Flipping Awesome Drones Take Flight

This drone control algorithm mimics the acrobatic, and sometimes unstable, flight patterns of birds for more agile navigation.

Nick Bild
1 month agoDrones
Are you sure you know what you're doing? (📷: M. Wang et al.)

Today’s drones may be pretty nimble in the sky, especially in the hands of an experienced pilot, but they still pale in comparison to the skills of birds. When flying autonomously, without the aid of a human pilot, the performance gap between drones and birds grows much larger. This is a big problem if drones are going to live up to our expectations in the future. They will not be making package deliveries, locating victims of natural disasters, or much else beyond aerial photography if we cannot improve their capabilities.

A big reason for this difference in abilities is birds’ instinctive understanding of the mechanics of flight. At times they do things that just seem wrong to us — they may momentarily enter unstable modes of flight, for instance, to swoop after prey or evade a predator. Flipping around the sky seemingly out of control is something we seek to avoid at all costs. But if you know what you are doing, it turns out it can actually be a good idea under the right circumstances.

Drone developers are awakening to this realization, which is resulting in the creation of some unconventional control mechanisms. Some of these mechanisms are hardware-based (like this flying squirrel drone we recently covered), while others rely on algorithmic advances. Researchers at Zhejiang University have just announced a new type of control system that falls into the latter category. Their control algorithm was developed specifically to carry out complex aerobatic maneuvers that might make us nervous, but that would make a falcon proud.

The algorithm is centered around a novel flight representation system. The team breaks down flight into a series of aerobatic intentions, which are discrete movements that reflect changes in both the drone’s position and orientation. By combining these intentions in various sequences, the system enables the drone to adapt to complex environments, such as obstacle-dense forests or urban spaces, by twisting, rolling, and diving their way to their goal.

To ensure these maneuvers are both safe and efficient, the researchers introduced a spatial-temporal joint optimization planner. This software helps the drone calculate the smoothest, most dynamic paths while avoiding collisions with fixed objects. A unique challenge in this area was yaw sensitivity — a rotational movement that can become unstable during fast turns. To address this, they incorporated a compensation mechanism to prevent disruptions during aggressive flight.
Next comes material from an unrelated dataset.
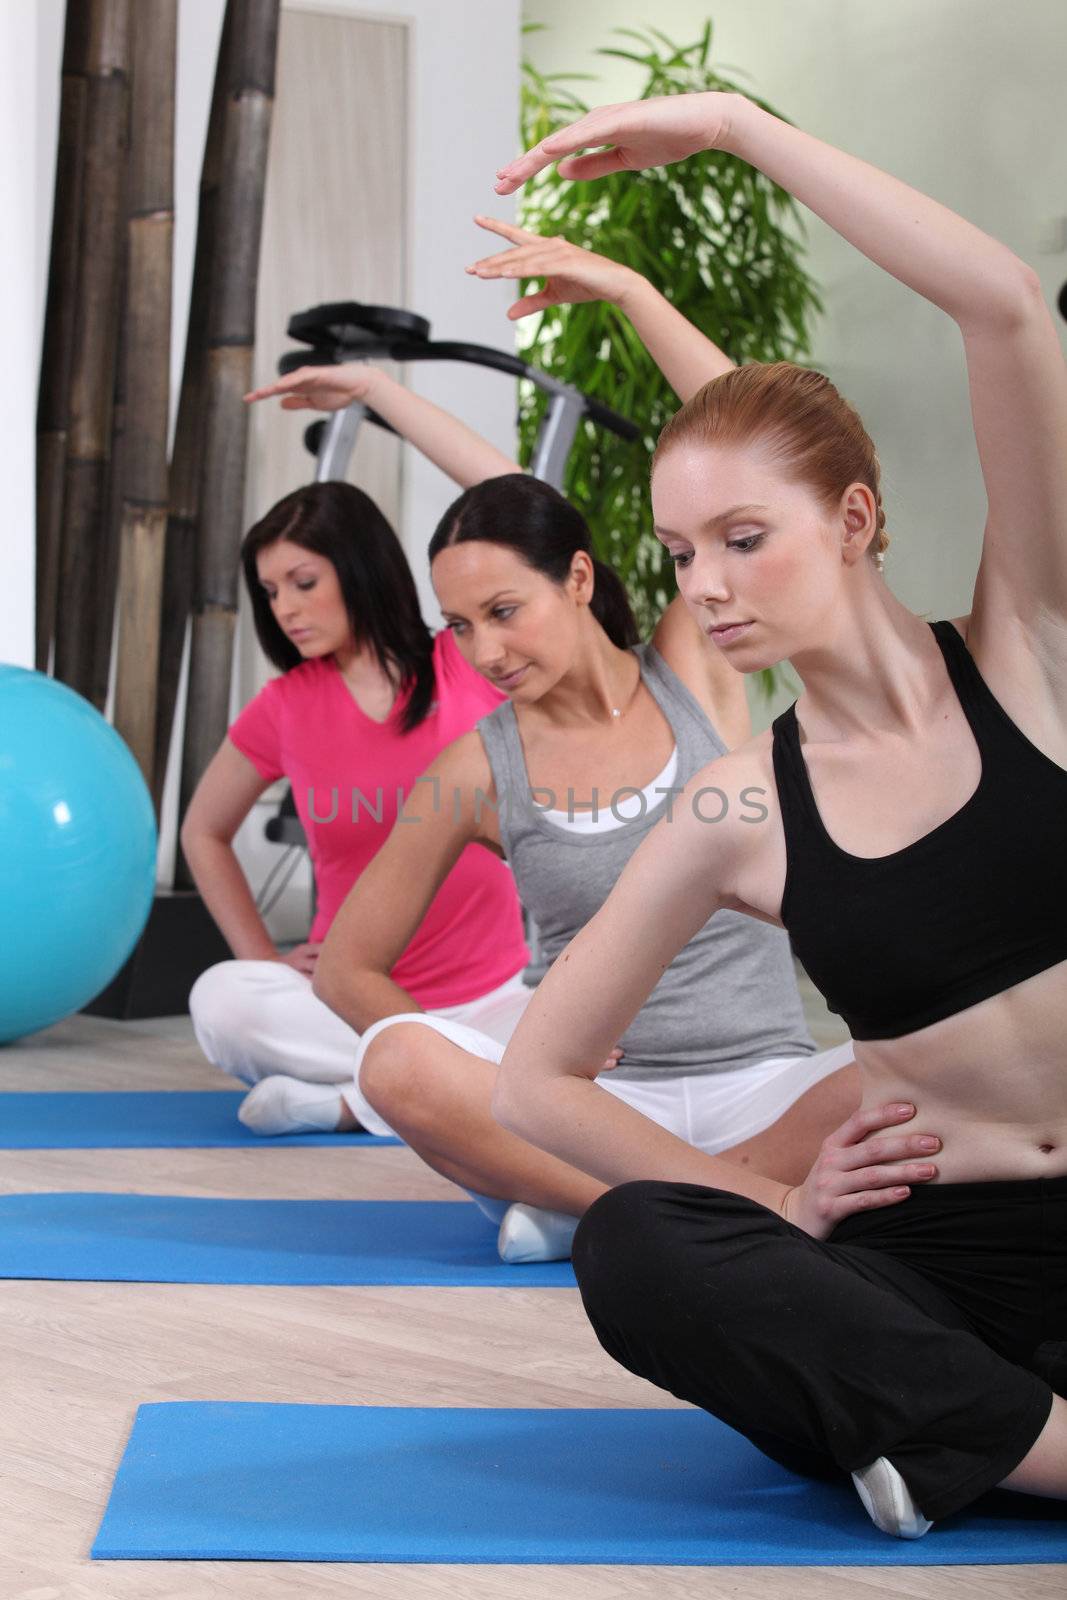 female threesome doing exercise indoors

Using preloaded maps, onboard computing, and real-time visual data, the system continually adjusts the drone's path mid-flight. It even allows the craft to momentarily assume unstable flight attitudes — a trait shared with birds and bats when performing quick maneuvers.

The system has been tested extensively in both simulation and real-world settings. It performed well indoors and outdoors, successfully navigating obstacle courses and executing complex routines with minimal error. With further enhancements, this work may ultimately prove to be a significant step toward fully autonomous drones capable of handling missions once thought impossible without human control.

Nick Bild
R&D, creativity, and building the next big thing you never knew you wanted are my specialties.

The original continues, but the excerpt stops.